_Your instructions_
Keep images out and repeat all data exactly.

_Supplied data_
BEGIN

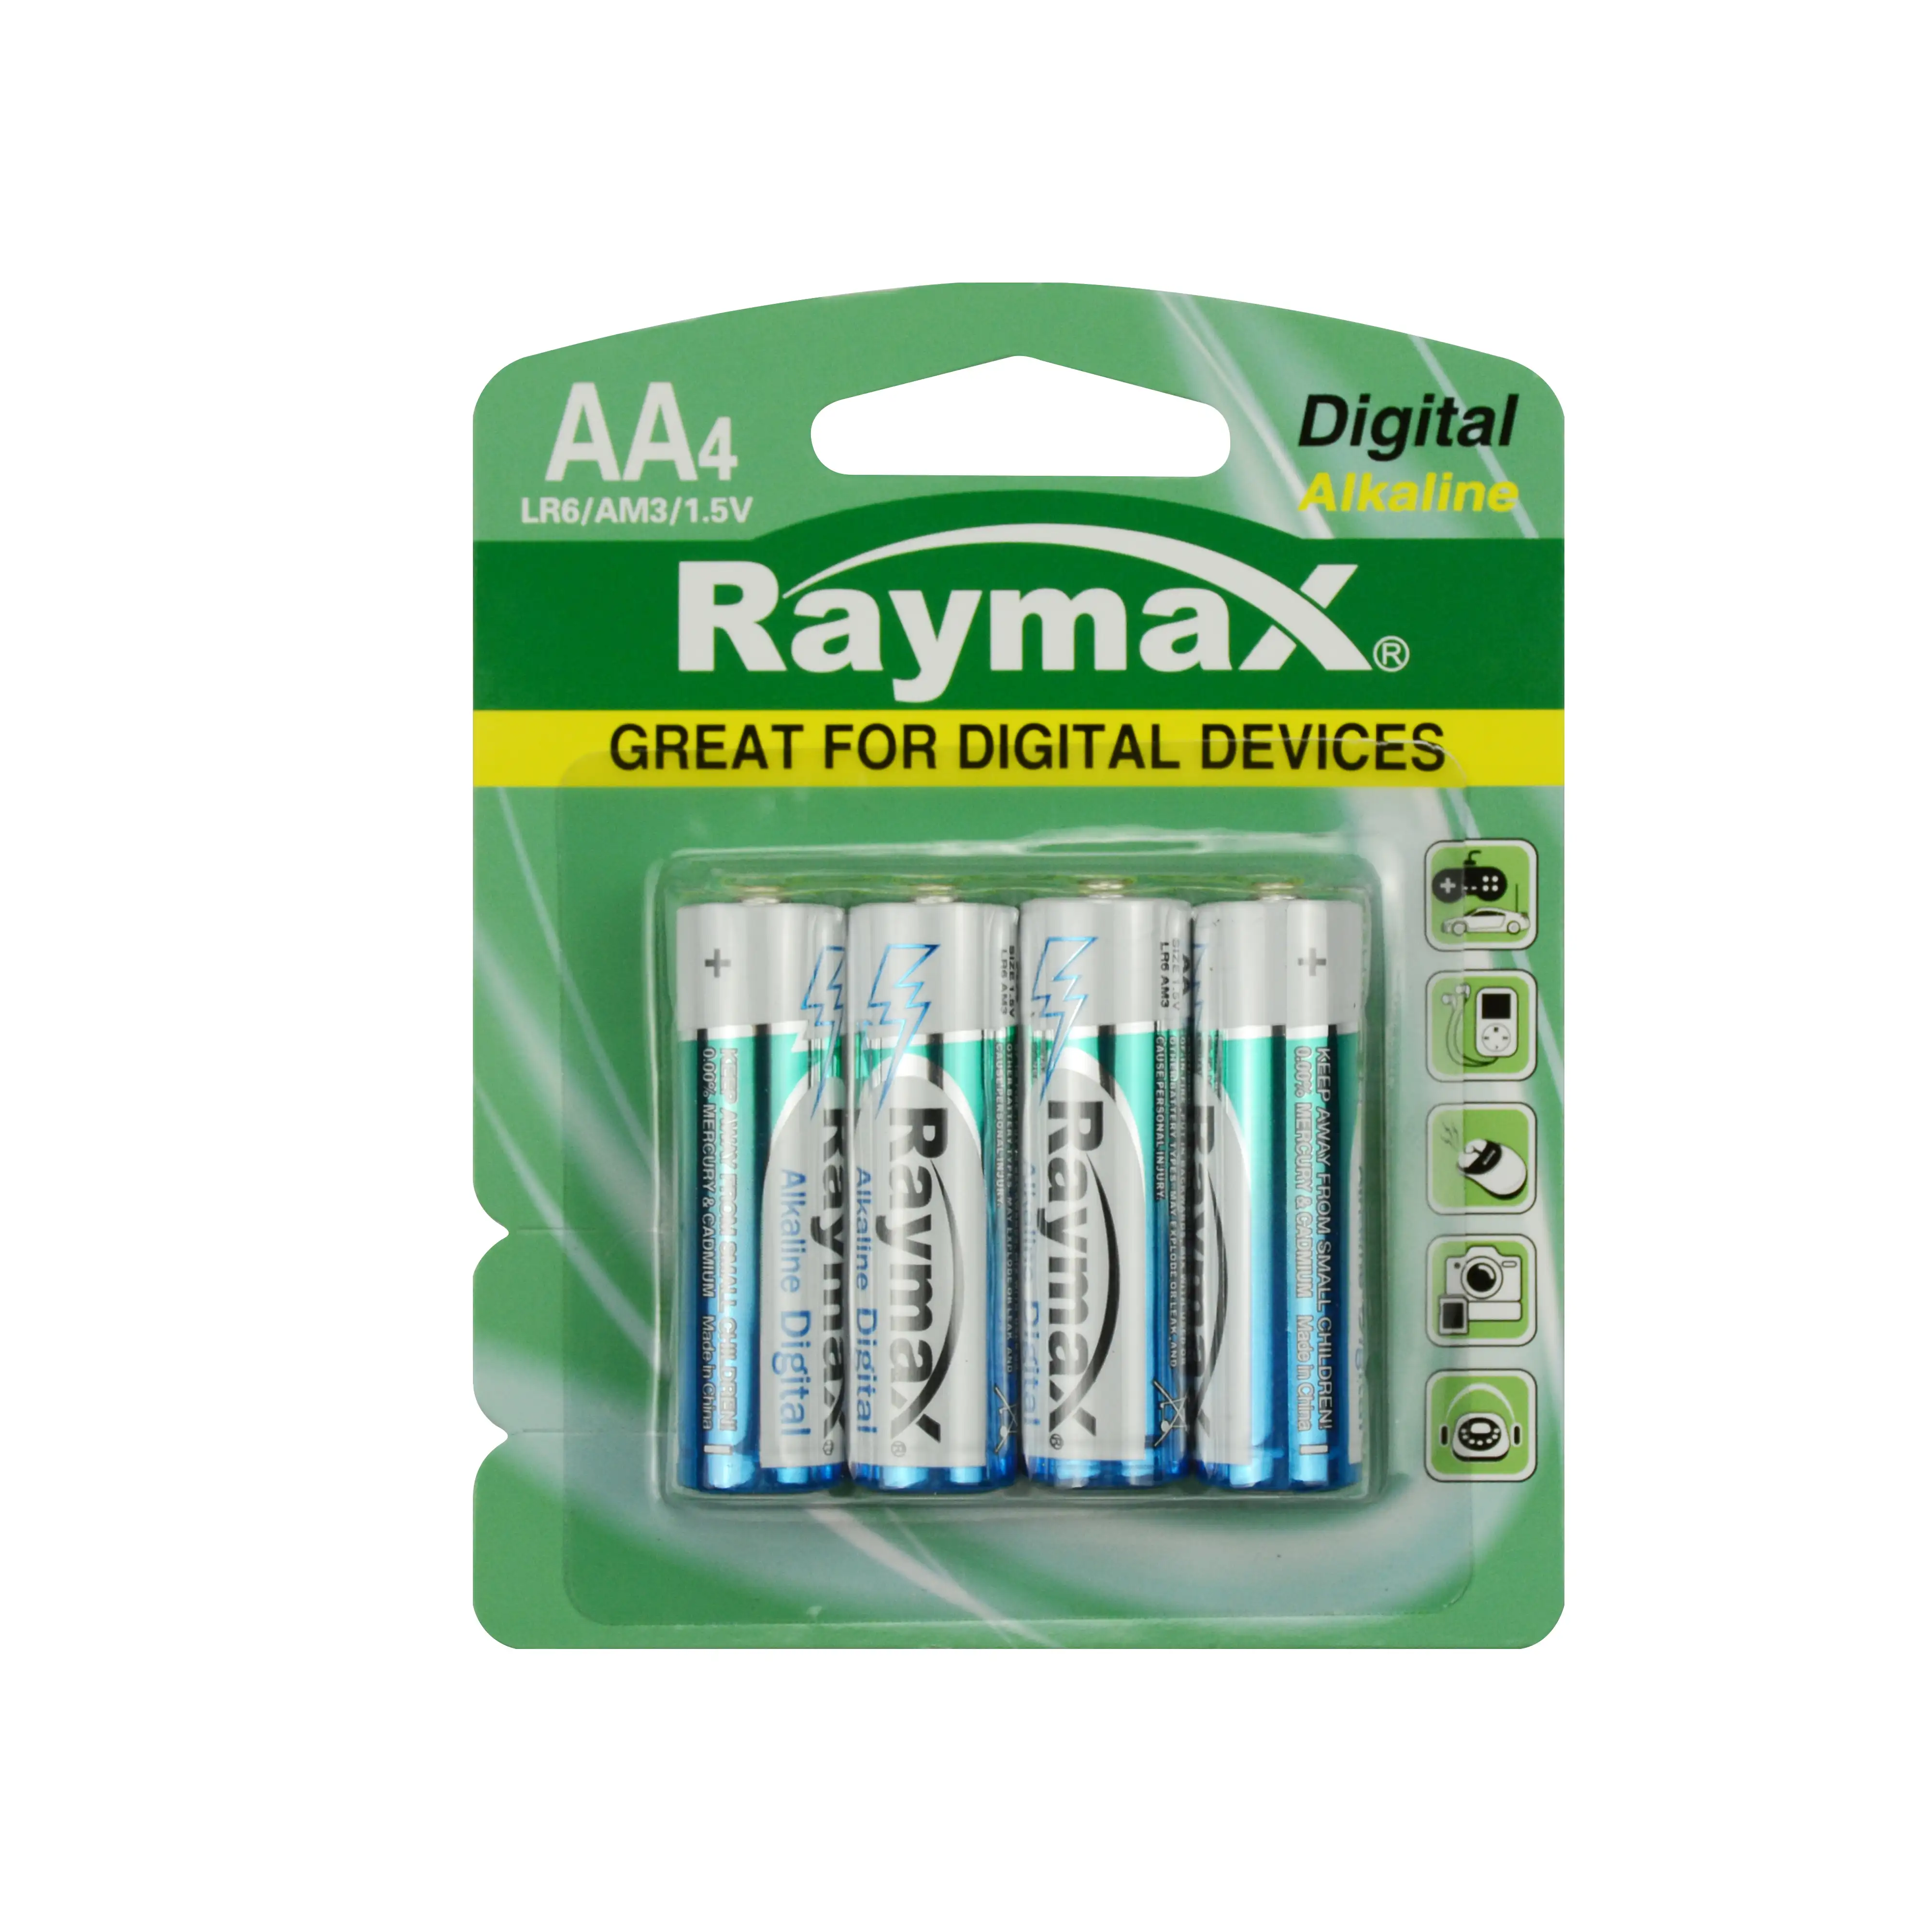 Batteria alcalina digitale all'ingrosso OEM Raymax Private Label LR6 AM3 1.5v 2700mAh AA
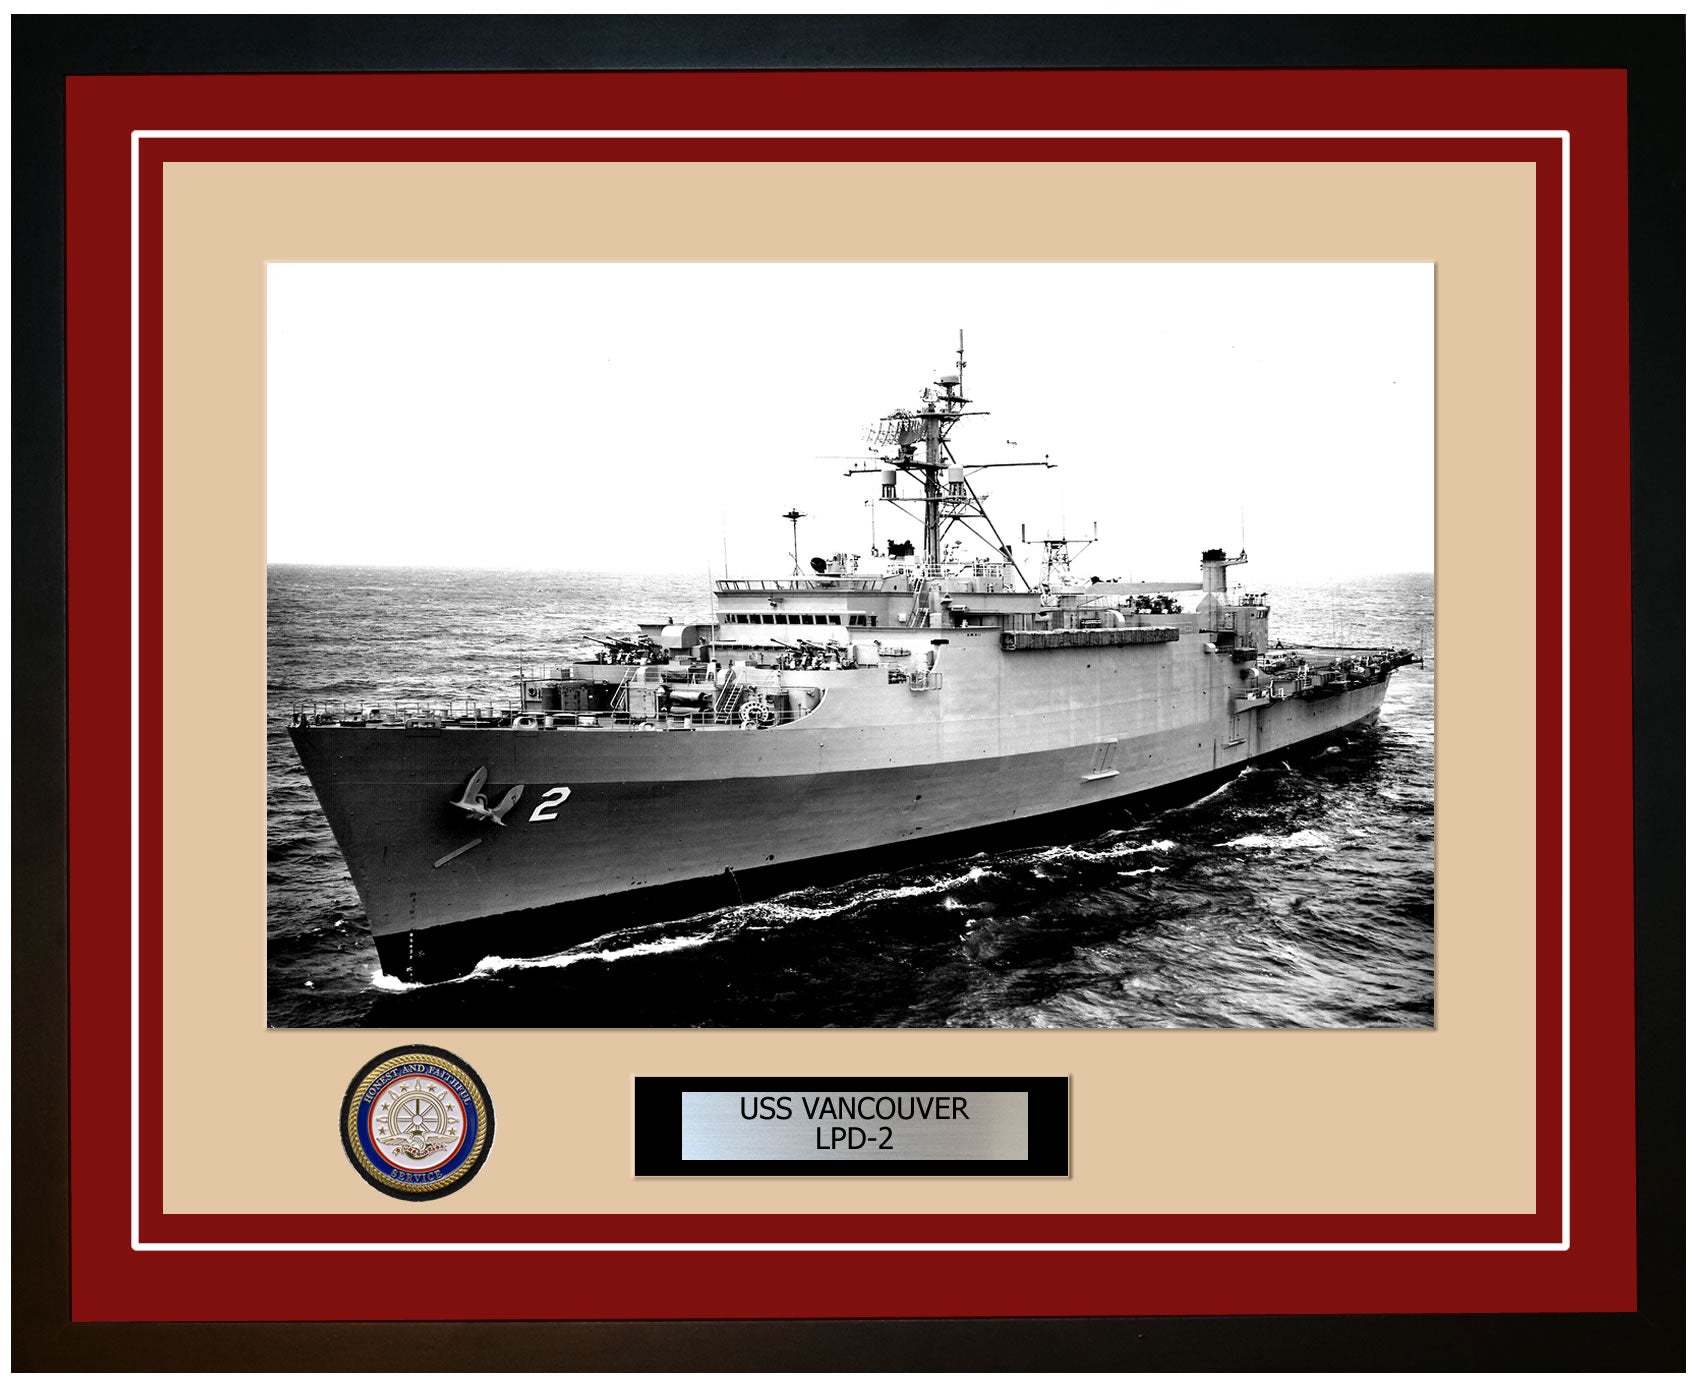 USS Vancouver LPD-2 Framed Navy Ship Photo Burgundy
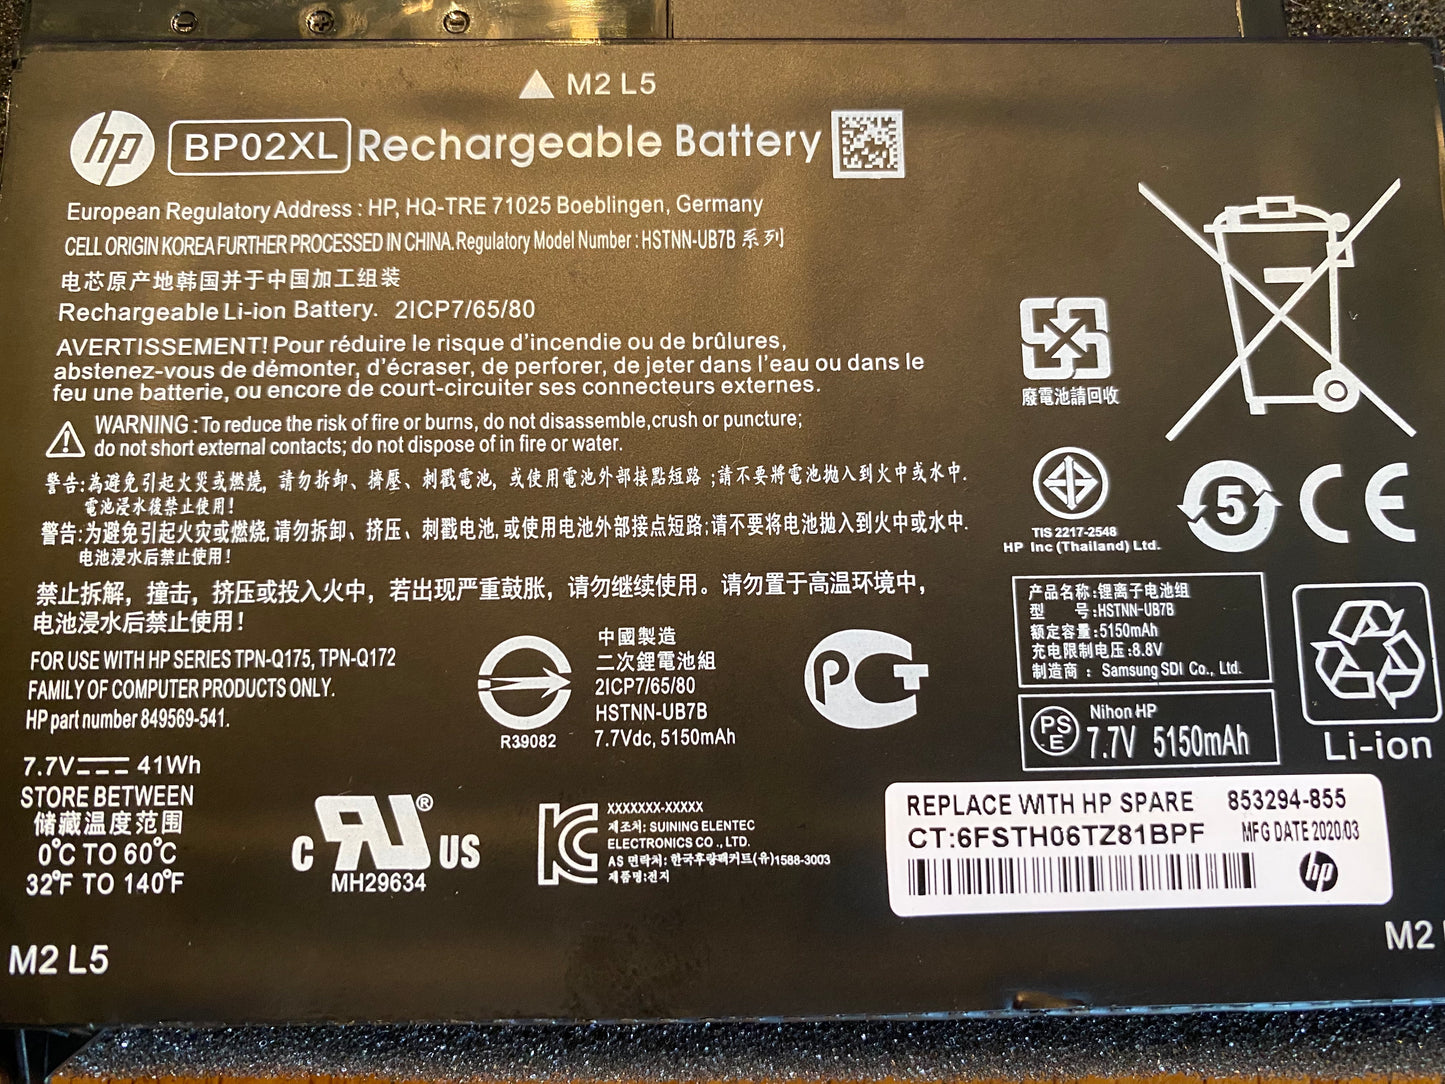 HP BP02XL 849909-850 Laptop Battery for HP Pavilion PC - New - Open Box

END

_Written response_
 Batteria alcalina digitale all'ingrosso OEM Raymax Private Label LR6 AM3 1.5v 2700mAh AA
 USS Vancouver LPD-2 Framed Navy Ship Photo Burgundy
 HP BP02XL 849909-850 Laptop Battery for HP Pavilion PC - New - Open Box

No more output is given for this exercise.